MATATELINGA, Rantauprapat : Pemerintah Kabupaten Labuhanbatu, Selasa (11/10/2022), menggelar kegiatan rapat Forum Grup Discusion (FGD) sinkronisasi dana Corporate Social Responsibility atau CSR serta pembentukan Forum CSR Kabupaten.
Bupati Labuhanbatu, dr H Erik Adtrada Ritonga MKM, diwakili Asisten II Ikramsyah, membuka rapat FGD CSR ini. CSR merupakan tanggung jawab sosial perusahaan atau tanggung jawab sosial dan lingkungan perseroan terbatas.
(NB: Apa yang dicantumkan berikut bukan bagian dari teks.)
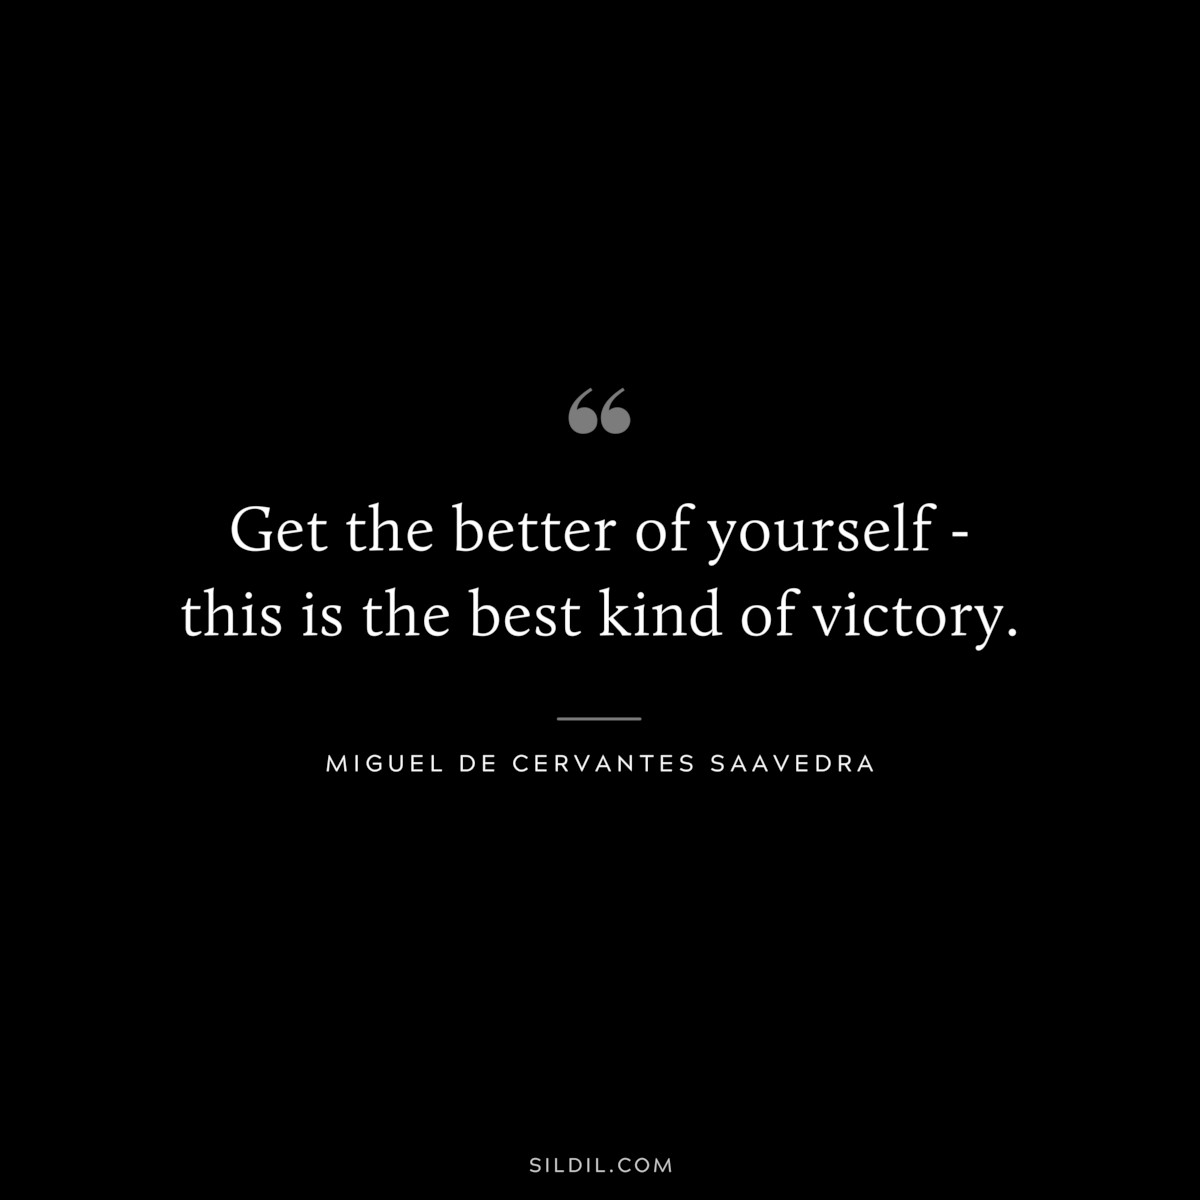 Get the better of yourself - this is the best kind of victory. ― Miguel de Cervantes Saavedra

Dalam kesempatan ini, Ikramsyah atas nama bupati Erik mengatakan, upaya sinkronisasi dana CSR serta rencana pembentukan Forum CSR di Kabupaten Labuhanbatu, sangat penting.
Baca Juga:Polda Sumut Kirim 57 Truk Material Bangunan untuk Korban Terdampak Gempa di Taput
Terutama untuk kepentingan masyarakat, dalam hal pembangunan, kesehatan dan pendidikan yang tak tertampung atau terakomodir di APBD Kabupaten Labuhanbatu.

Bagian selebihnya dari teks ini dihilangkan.